Dataset records
#####
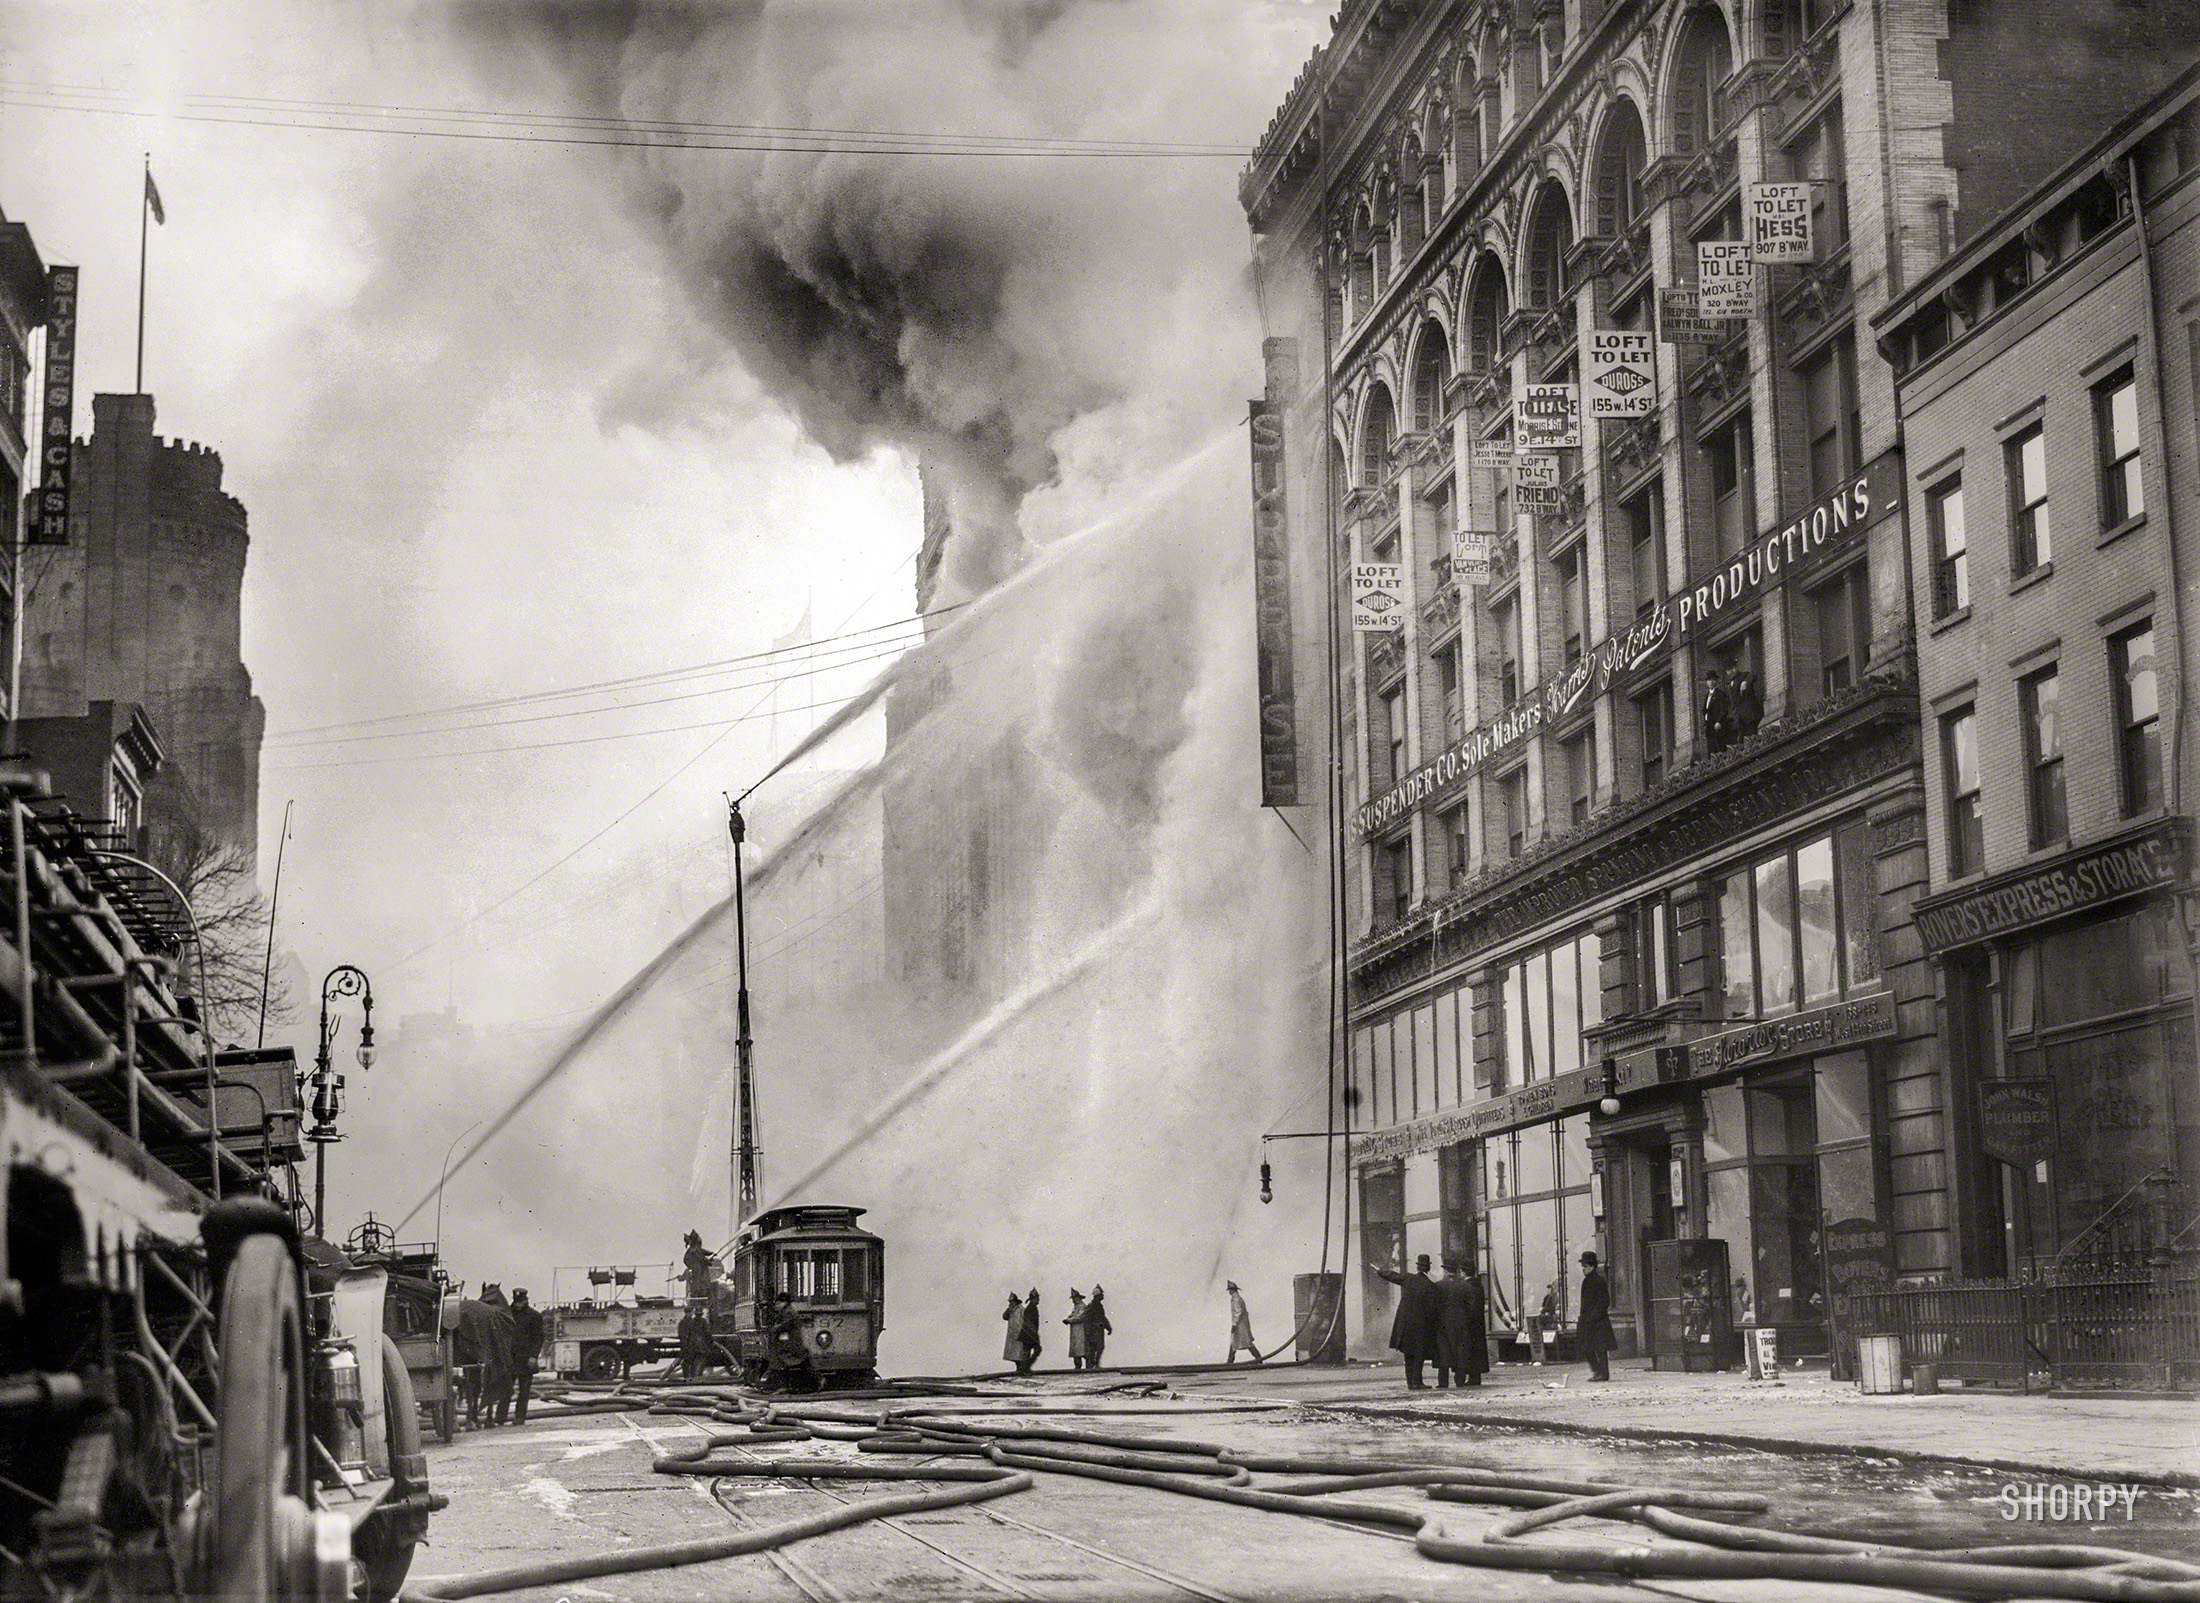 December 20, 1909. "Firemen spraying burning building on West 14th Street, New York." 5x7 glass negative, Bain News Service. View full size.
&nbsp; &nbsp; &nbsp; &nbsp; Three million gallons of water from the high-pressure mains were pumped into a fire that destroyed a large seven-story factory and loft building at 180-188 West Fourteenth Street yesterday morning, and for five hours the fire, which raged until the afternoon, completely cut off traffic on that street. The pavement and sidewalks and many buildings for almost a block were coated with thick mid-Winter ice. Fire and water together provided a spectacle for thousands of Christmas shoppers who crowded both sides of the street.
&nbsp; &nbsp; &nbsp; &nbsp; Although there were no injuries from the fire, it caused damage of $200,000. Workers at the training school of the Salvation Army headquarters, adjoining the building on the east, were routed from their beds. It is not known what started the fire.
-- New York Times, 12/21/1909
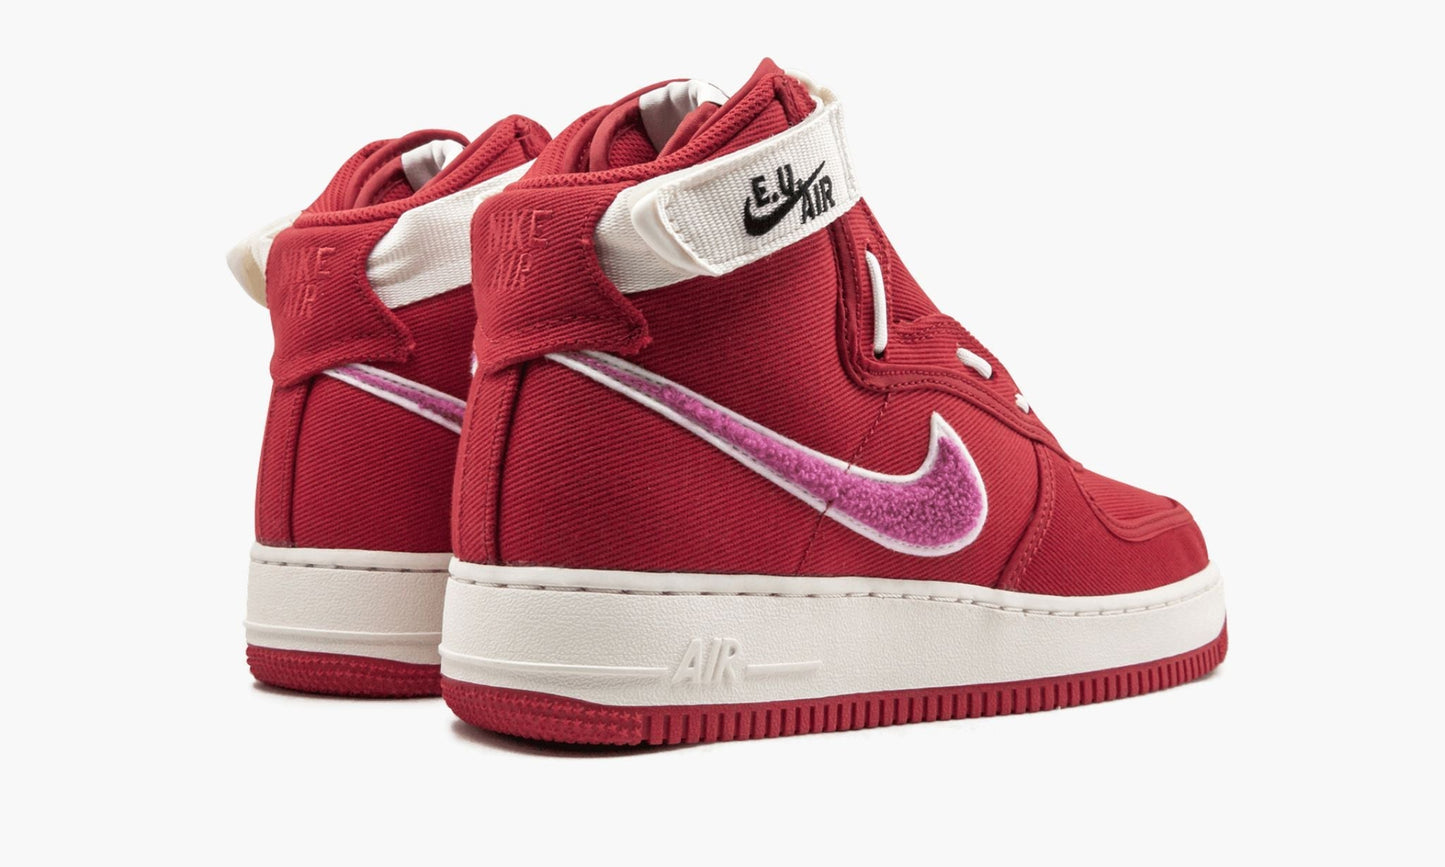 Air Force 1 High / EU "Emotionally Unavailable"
#####
» Task statement: Make an exact copy of every entry above, minus the images.

» Answer to this problem:
 December 20, 1909. "Firemen spraying burning building on West 14th Street, New York." 5x7 glass negative, Bain News Service. View full size.
&nbsp; &nbsp; &nbsp; &nbsp; Three million gallons of water from the high-pressure mains were pumped into a fire that destroyed a large seven-story factory and loft building at 180-188 West Fourteenth Street yesterday morning, and for five hours the fire, which raged until the afternoon, completely cut off traffic on that street. The pavement and sidewalks and many buildings for almost a block were coated with thick mid-Winter ice. Fire and water together provided a spectacle for thousands of Christmas shoppers who crowded both sides of the street.
&nbsp; &nbsp; &nbsp; &nbsp; Although there were no injuries from the fire, it caused damage of $200,000. Workers at the training school of the Salvation Army headquarters, adjoining the building on the east, were routed from their beds. It is not known what started the fire.
-- New York Times, 12/21/1909
 Air Force 1 High / EU "Emotionally Unavailable"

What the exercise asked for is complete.